Training was brutal.

There was no other word for it. It was designed to make people cry, out of frustration. Whoever thought of this had someone that they wanted to punish initially. The Ghost Council’s primary evaluation was designed to push us to our absolute limits, to expose every weakness and inadequacy that were present in people, and also to separate those who were genuinely capable from those who were just enthusiastic but unprepared for the real work it takes.

And I was struggling to keep up with the mere basics. Desperately, obviously struggling.

The first test was speed. The event happened to be a timed sprint across the training grounds that seemed simple enough, just to get from point A to B. That was until you were actually doing it, lungs burning, legs screaming and wanting to give out, watching everyone else finish while you were still only halfway through. I came in near the bottom of the pack, gasping for air, trying to calm my racing heart, my time was so much slower than the others that it was embarrassing to even acknowledge. Thankfully everyone else was so focused on cheering for their chosen participants, they had forgotten to gossip.

Then came strength testing which was entirely another obstacle on its own and one that hindered my strength. Lifting weighted logs, dragging heavy objects across designated distances, maintaining holds that required core stability I apparently didn’t possess. I managed to complete the requirements, but barely, and only because they’d set the minimum thresholds low enough that even inadequate participants could technically pass……. technically.

Endurance was worse. A long-distance run that separated the naturally athletics from those of us who relied more on determination than actual ability. My sides were cramping within the first mile, my breathing becoming ragged and desperate, but I forced myself to keep going because stopping would be admitting defeat. I finished-dead last among those still running, but I finished.

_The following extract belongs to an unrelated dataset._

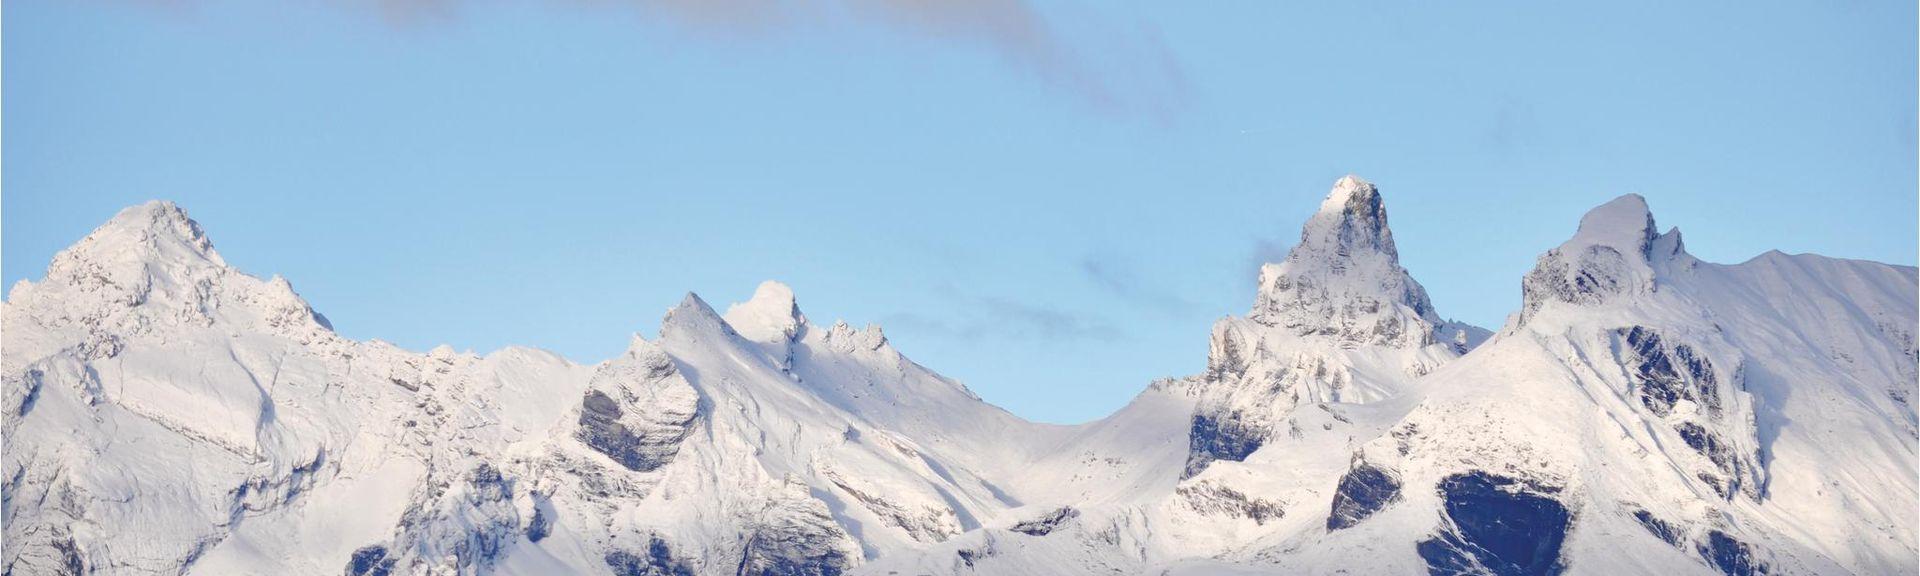 Chamoson, Wallis, Schweiz
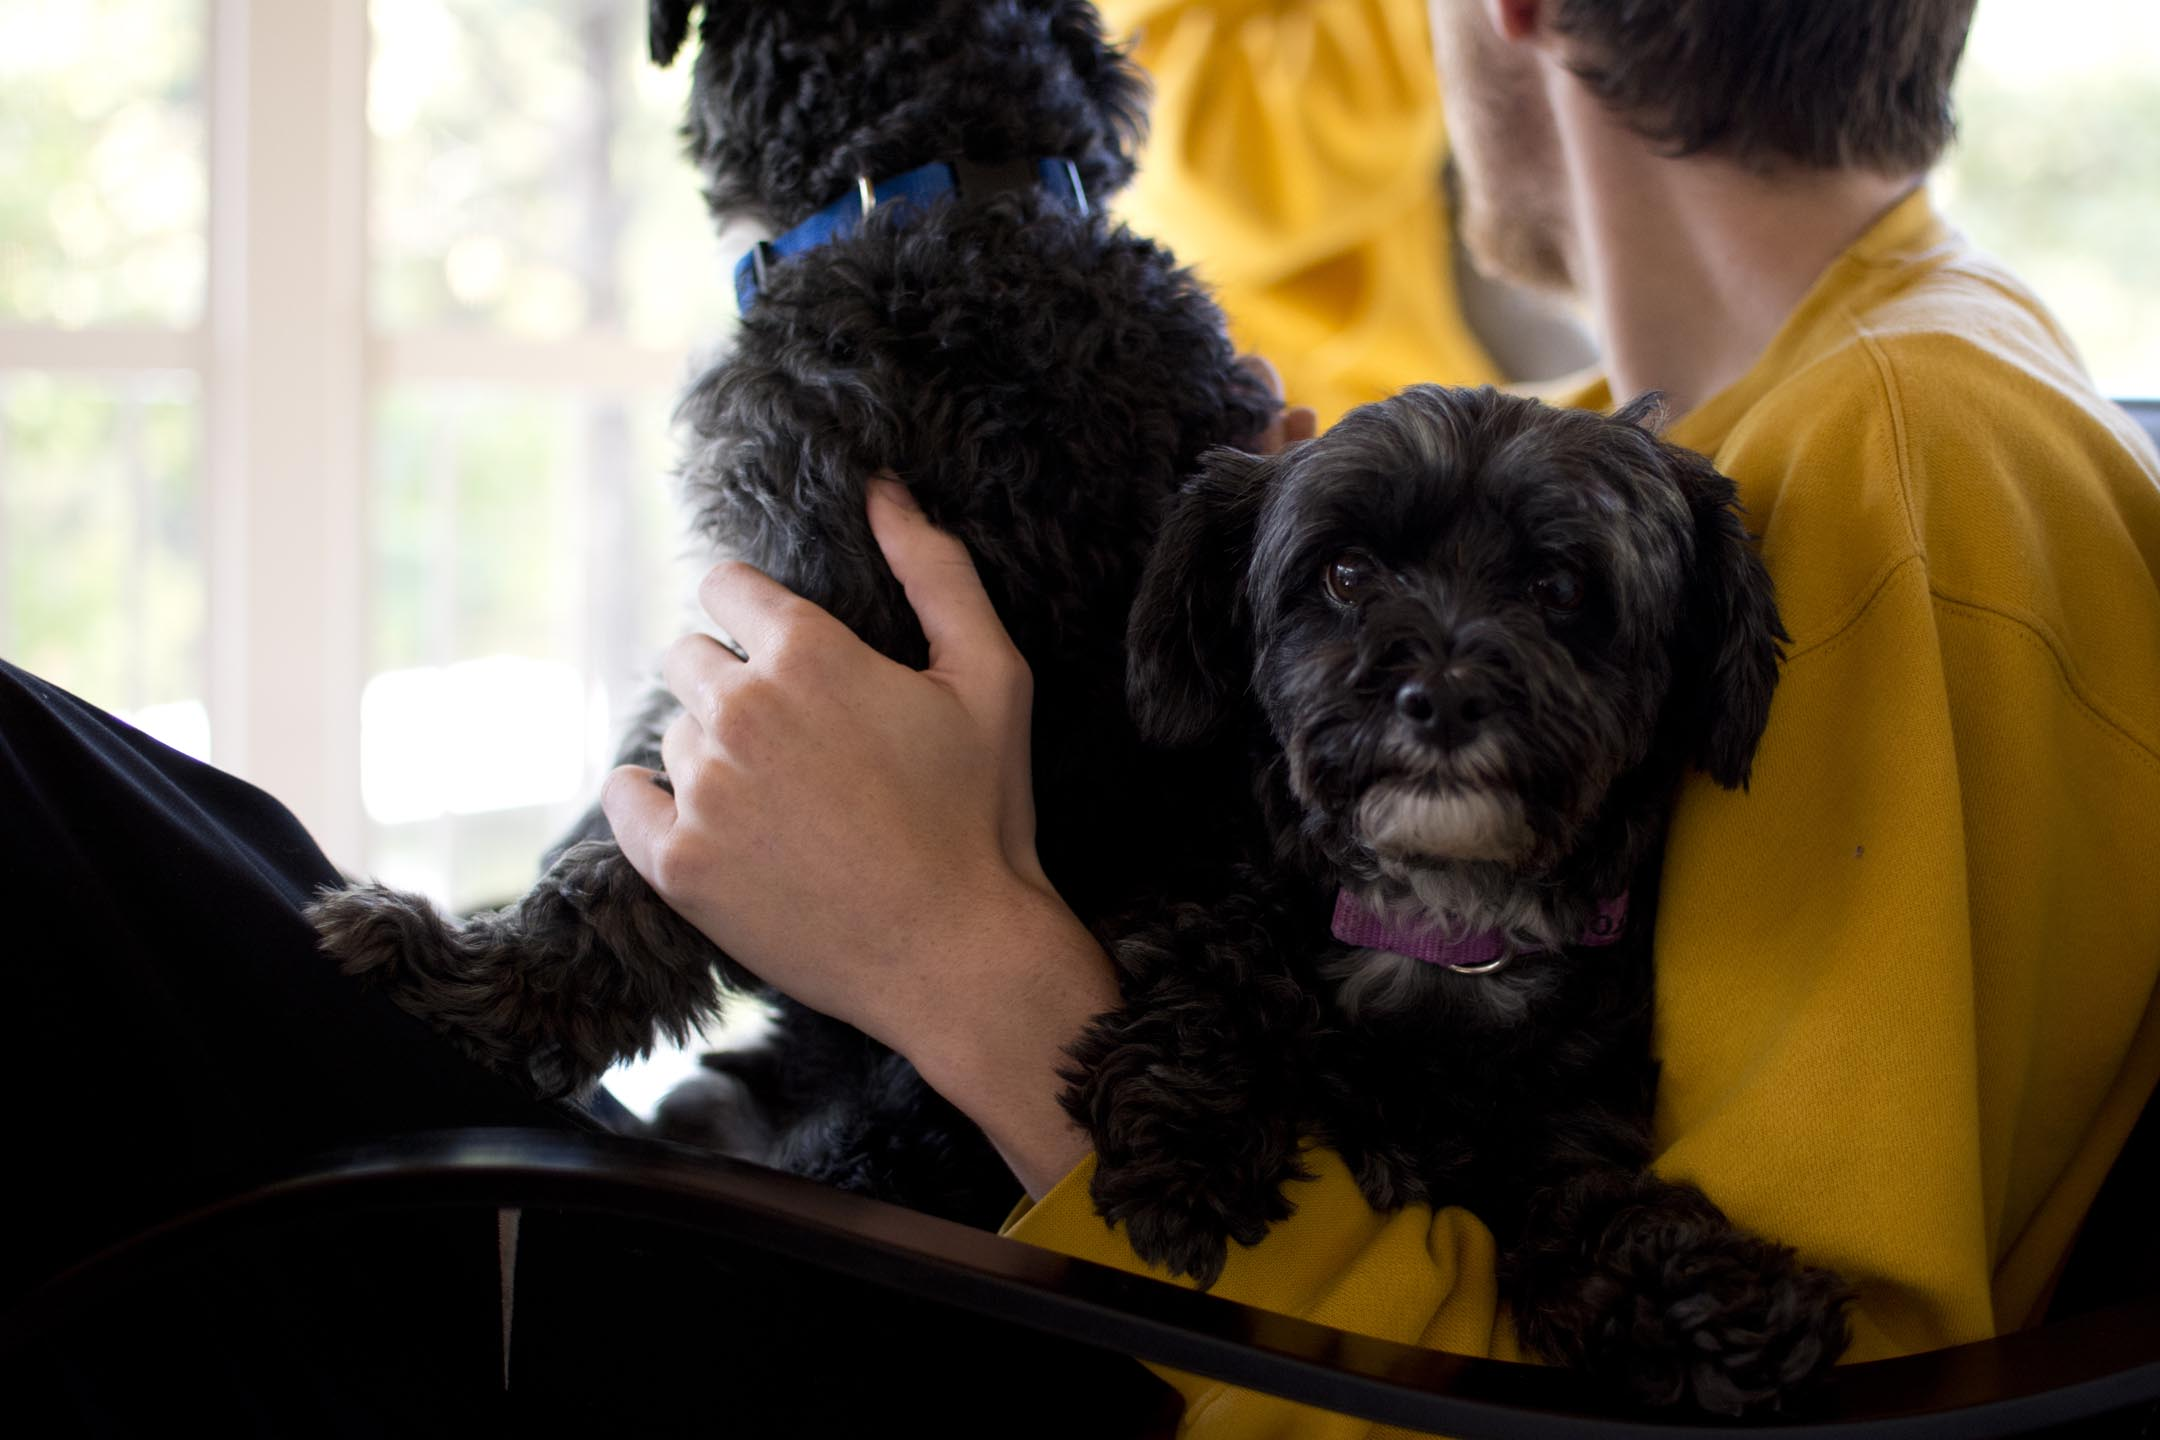 brett+puppies3_lakehouse_10-10-15.jpg

Combat evaluation came next, and that was perhaps the most humiliating. Sparring matches that exposed just how little actual fighting training I’d received. I knew basic self-defense from my years trying to protect myself in Blackwood, or in rogue terrorities when I was canvassing for herbs but that was nothing compared to the sophisticated techniques the warriors employed, determined to make sure that we suffered humiliation. I got knocked down repeatedly, struggled to land any effective hits, and generally demonstrated to everyone that in a real fight, I’d be useless.

But I kept trying. Kept getting back up. Kept pushing through the pain and exhaustion and the growing certainty that I didn’t belong here.

And through it all, I watched Ivory.

She was being dramatic. Outrageously, obviously dramatic in ways that should have been annoying but somehow weren’t. I didn’t even realize that was actually capable of being done. She’d complete a strength test and then immediately collapse on the ground, clutching her arms and moaning about muscle failure whining and crying about unfair it was, making a damsel participate. She’d finish the endurance run and stagger around like she was about to die, gasping for air with theatrical intensity that made it clear she was exaggerating.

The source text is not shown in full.